Market capitalization Info

  • Mega-cap
    49%
  • Large-cap
    30%
  • Mid-cap
    15%
  • Small-cap
    4%
  • Micro-cap
    1%

The portfolio's market capitalization allocation is skewed towards mega and big-cap stocks, making up 49% and 30% respectively. This focus on larger companies can provide stability and lower volatility compared to small-cap stocks. However, it may also limit growth potential. Incorporating more mid and small-cap stocks could enhance diversification and capture higher growth opportunities. Balancing exposure across different market caps can optimize risk-return dynamics and align with long-term investment objectives.

Redundant positions Info

  • Vanguard Total Stock Market Index Fund ETF Shares
    Vanguard Total World Stock Index Fund ETF Shares
    High correlation

The portfolio includes highly correlated assets, particularly the Vanguard Total Stock Market Index Fund ETF Shares and Vanguard Total World Stock Index Fund ETF Shares. High correlation means these assets tend to move together, which can reduce diversification benefits. During market downturns, this could lead to increased risk. Consider replacing one of these ETFs with a less correlated asset to enhance diversification and manage risk more effectively. This adjustment could improve the portfolio's overall resilience.

Dividends Info

  • Invesco NASDAQ 100 ETF 0.60%
  • Defiance Quantum 0.50%
  • Raytheon Technologies Corp 1.90%
  • Vanguard Total World Stock Index Fund ETF Shares 1.60%
  • Vanguard Total Stock Market Index Fund ETF Shares 1.00%
  • Vanguard Total International Stock Index Fund ETF Shares 2.80%
  • Weighted yield (per year) 1.21%

The portfolio's total dividend yield is 1.21%, with contributions from various holdings like Raytheon Technologies and Vanguard ETFs. While not exceptionally high, dividends provide a steady income stream and can enhance total returns, especially in volatile markets. For investors seeking income, focusing on higher-yielding assets might be beneficial.
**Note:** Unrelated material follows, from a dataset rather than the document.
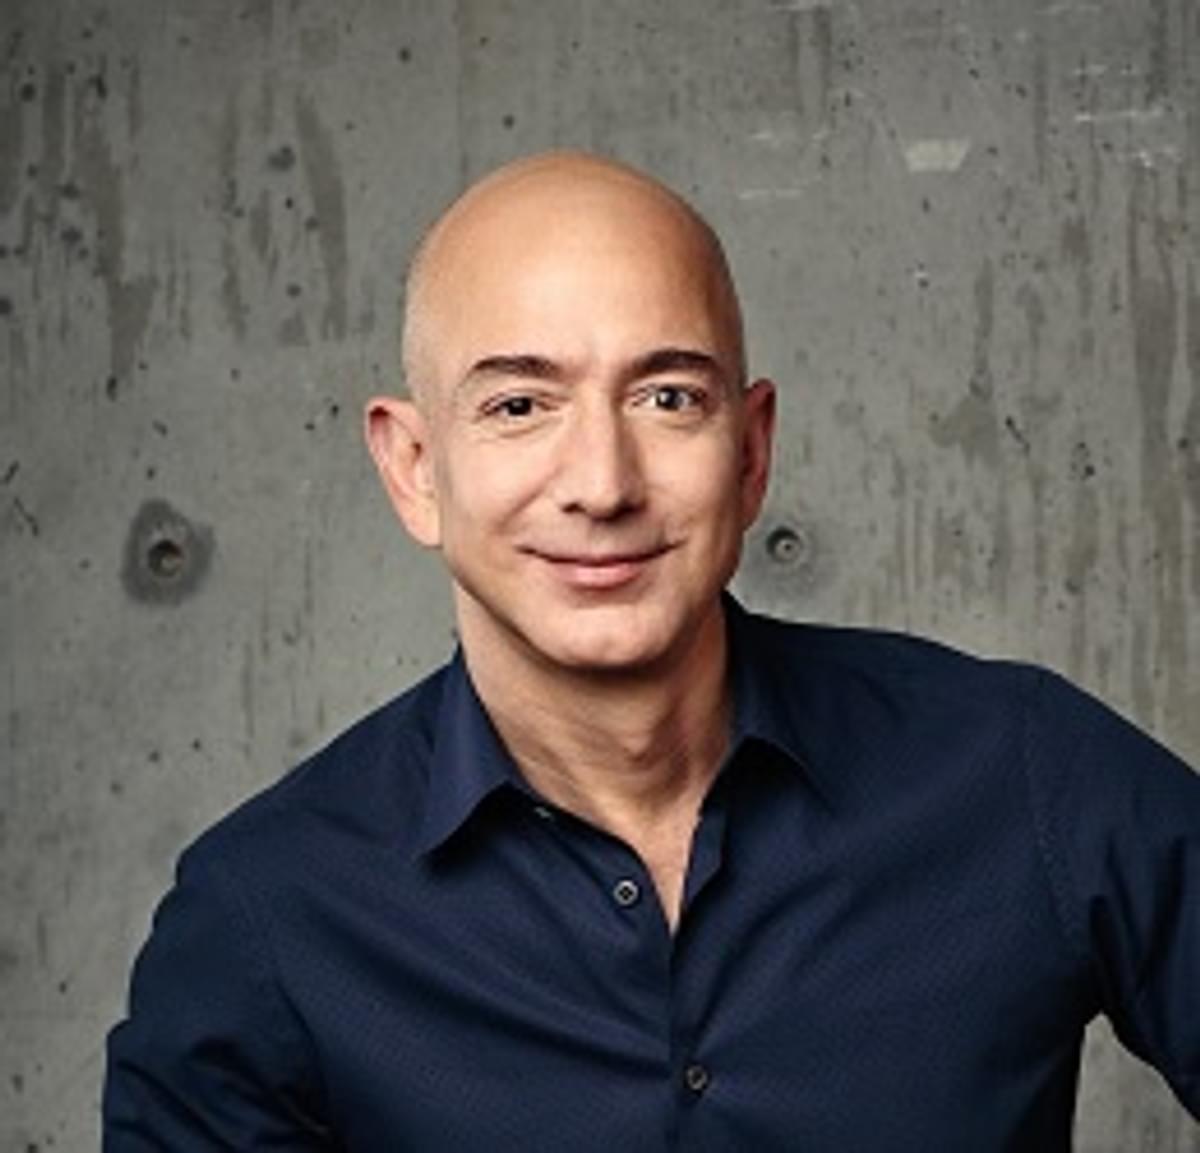 Smartphone van Amazon-CEO Jeff Bezos gehackt image

However, balancing yield with growth potential is essential to maintain an optimal risk-return profile. Regularly reviewing dividend policies of holdings can ensure alignment with income goals.
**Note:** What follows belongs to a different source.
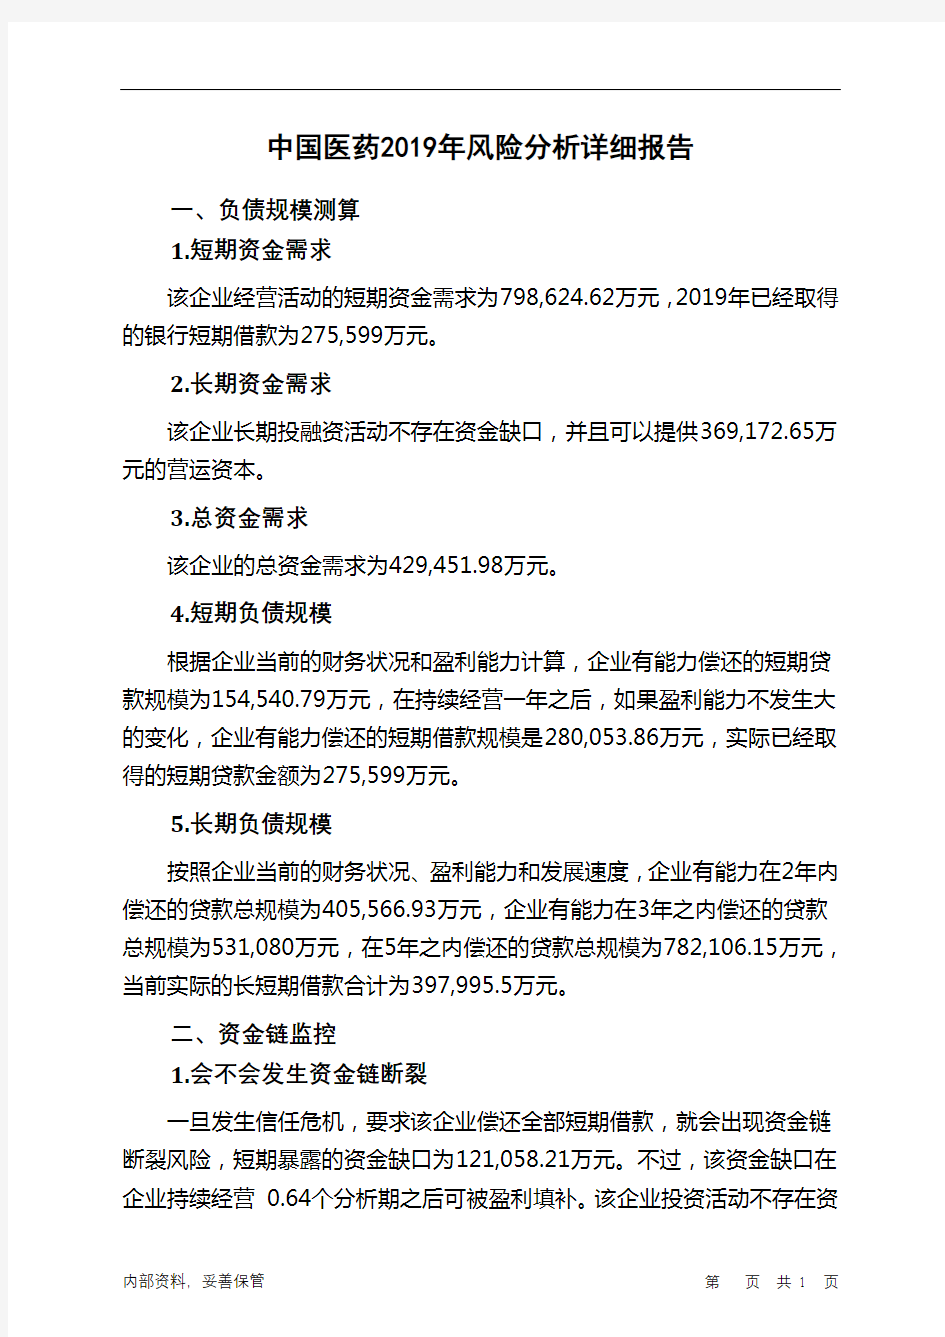 中国医药2019年财务风险分析详细报告

Ongoing product costs Info

  • Invesco NASDAQ 100 ETF 0.15%
  • Defiance Quantum 0.40%
  • Vanguard Total World Stock Index Fund ETF Shares 0.07%
  • Vanguard Total Stock Market Index Fund ETF Shares 0.03%
  • Vanguard Total International Stock Index Fund ETF Shares 0.05%
  • Weighted costs total (per year) 0.06%

The portfolio's costs are impressively low, with a Total Expense Ratio (TER) of 0.06%. This cost efficiency supports better long-term returns by minimizing the drag on performance. Low-cost ETFs like those from Vanguard contribute to this advantage. While costs are well-managed, it's important to regularly review expense ratios and seek opportunities to reduce them further. Keeping costs low without compromising on diversification or growth potential is key to optimizing portfolio performance over time.

Risk vs. return

This chart shows the Efficient Frontier, calculated using your current assets with different allocation combinations. It highlights the best balance between risk and return based on historical data. "Efficient" portfolios maximize returns for a given risk or minimize risk for a given return. Portfolios below the curve are less efficient. This is informational and not a recommendation to buy or sell any assets.
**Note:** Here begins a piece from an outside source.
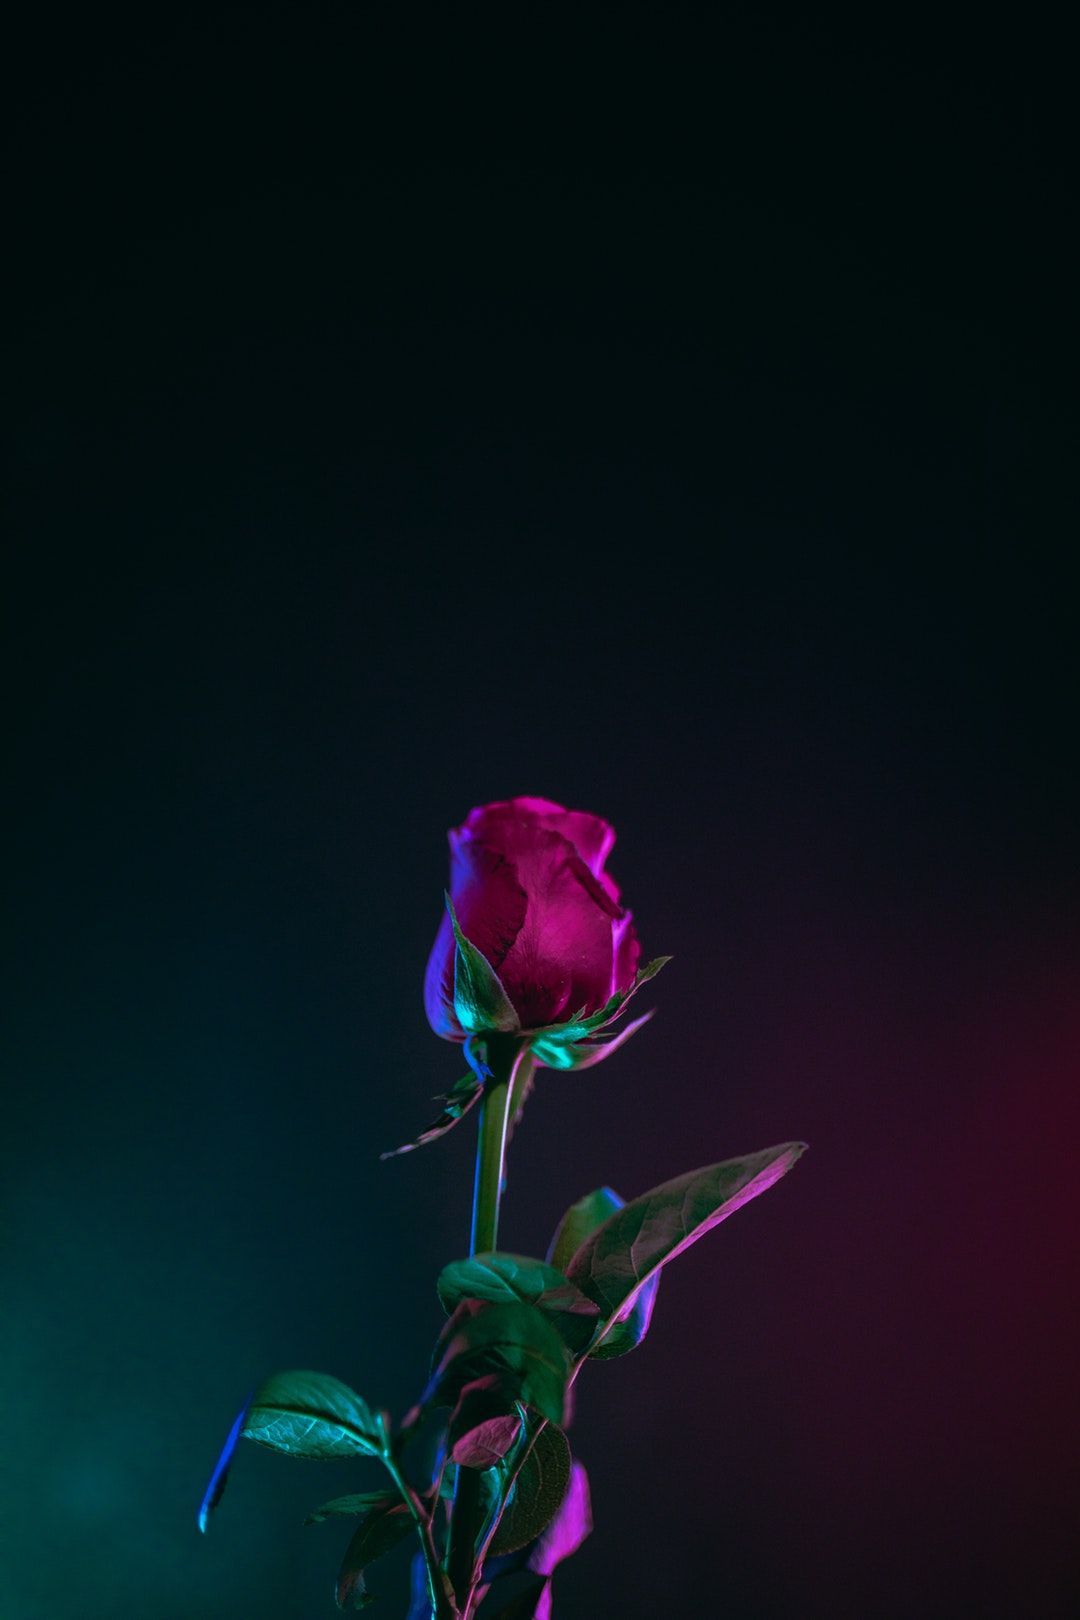 Hoa hồng tía là một símbol cho tình yêu và sự khát khao. Từng đường nét trên cánh hoa giúp thể hiện sự đẹp và tinh tế của nó. Nếu bạn yêu quý vẻ đẹp hoa hồng, hãy xem bức ảnh liên quan đến từ khoá \

The portfolio can be optimized using the Efficient Frontier, which identifies the best possible risk-return ratio. Currently, overlapping assets limit diversification benefits. By addressing these overlaps, the portfolio's expected return could increase to 22.05% with a risk level of 16.38%. This optimization involves reallocating existing assets rather than introducing new ones. It's important to remember that efficiency focuses on maximizing returns for a given risk level, not necessarily achieving broader diversification or other specific goals.